The book has several merits. For one thing, it offers valuable glimpses of cultural-organizational daily life in Afghanistan. The author perceptively notes, for example, that: "Before the war, it was the norm for government officials to be lavishly entertained and to be virtually imprisoned as guests in order to minimize the amount of information they could obtain for the purposes of taxation. Suspicions are rife and the rumor-mill is powerful." (p. 12)
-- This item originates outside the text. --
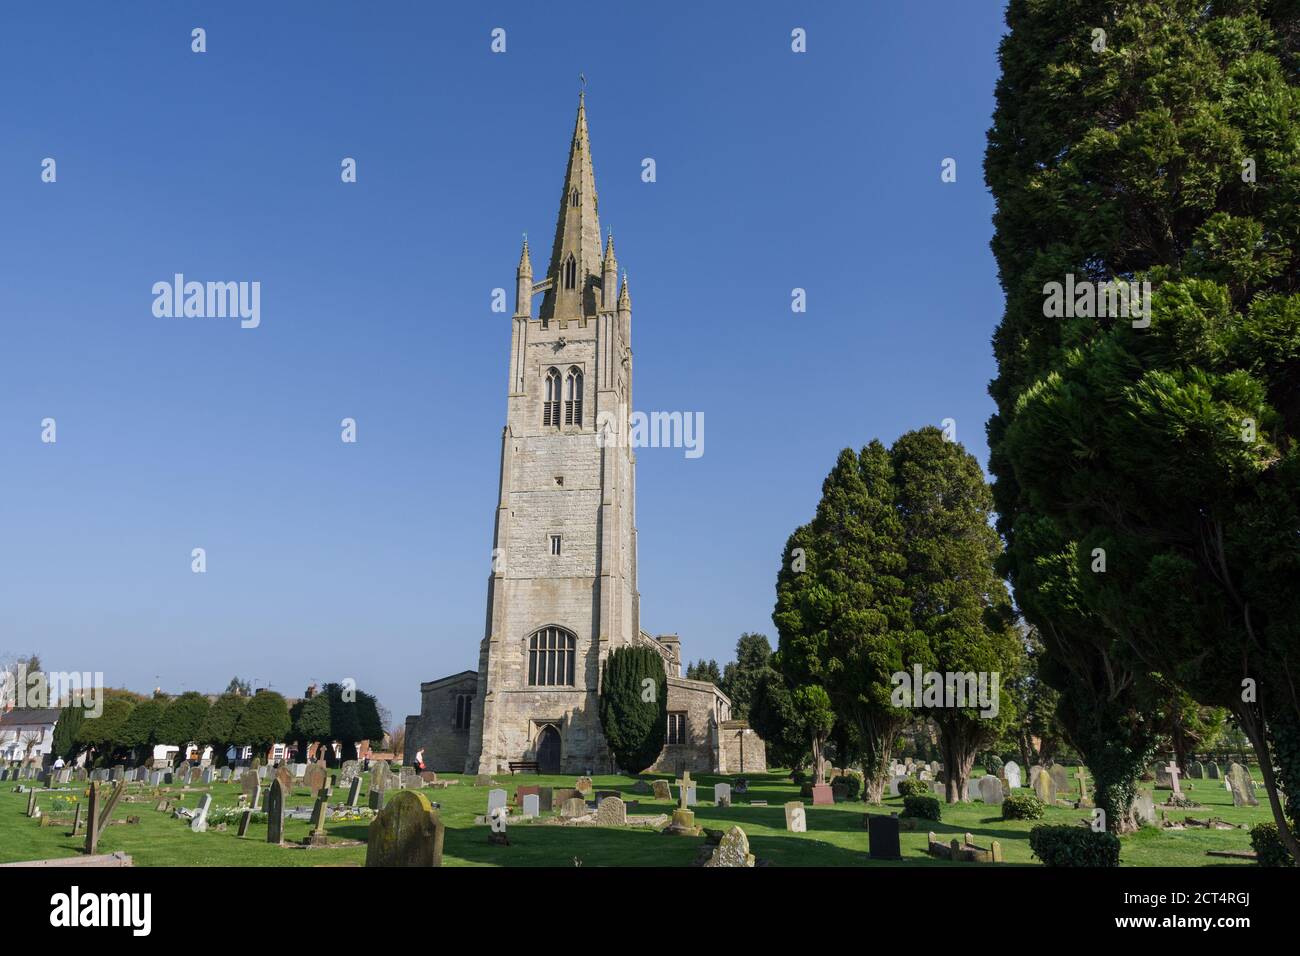 The church of St James the Great with its tall Perpendicular Gothic spire, Hanslope, Buckinghamshire, UK Stock Photo

Chapters 11 and 12 are the book's best, and they offer good analytical arguments to explain some of the complexities of Afghanistan under the Taliban. Marsden is clearly knowledgeable about the local culture and about the general features of Islamic law, and he puts them to good use in these chapters. He offers a good account of the cultural configuration of Taliban political and social support, and puts the Taliban movement in perspective, one that includes various positions within the Islamic world as well as those in the West. His analysis of how the Western world's negative stereotyping of Islam has not only led to a self-fulfilling prophecy - he does not actually mention the concept, but that is what he means - but has also "provoked negative stereotyping of the West by the radical Islamic movements" is superb. (p. 60) So is his account of the clear implications of Pakistani, Saudi Arabian and American support for the Taliban, including "USA's possible interest in promoting the Taliban," and how "it sowed the seeds for the emergence of the Taliban." (pp. 142-46)
The Taliban's author demonstrates how fragmentation has destroyed the Afghan society. Durkheim showed us long ago how fragmentation within a group leaves the members vulnerable to the ultimate self-destructive behavior, suicide. Now, Marsden clearly makes a case for the Afghan society as a whole.
Marsden makes a convincing case when he points out that "a proportion of the young people who have joined the Taliban were schooled in the educational establishments set up by the Islamist parties." (p. 84) These are the same parties that are fighting the Taliban for the control of Afghanistan. Thus, the parties' schools, refugee camps and orphanages, financed and organized with the help of the United States, Pakistan and Saudi Arabia, were, in a way, breeding grounds for later Taliban fighters.
The author also eloquently describes the difficulties governments and international agencies face in dealing with organizations such as Taliban:
It has often seemed that with every apparent move forward, there has been a negative incident that has seriously soured international attitudes. The problem is not unique to Afghanistan, but it is one that has to be addressed.
The problem is that Marsden never goes far enough in addressing it.
Taliban's major flaw is its attempt to do too much. Thus, the entire history of Afghanistan, up to the Soviet withdrawal in 1989, is covered in 15 pages. Marsden also tries to draw comparisons between the Afghan example and four other Islamic movements in even less space. This cannot be done and inevitably leads to inaccuracies, like this last sentence of a short paragraph trying to explain the Iranian revolution of 1979: "Some of the ulama then called for a jihad against what they regarded as the un-Islamic government of the Shah." (p. 75) The fact is that the ulama never called for a jihad in the Iranian revolution. In a comparison he also makes between the Taliban and one of the four other Islamic movements, he says: "Both mobilized men to martyr themselves with the aim of conquering a country . . . Both also insisted that their interpretation of Islam was the only correct one." (p. 73) Unfortunately, this quick characterization avoids the question of "how do movements non-Islamic as well Islamic mobilize men to conquer a country?" Indeed, what movement does not insist on its own interpretation being the correct one? Another embarrassing example is his referring to Nadir Shah (a post-Safavid king), on more than one occasion, as a "Safavid ruler."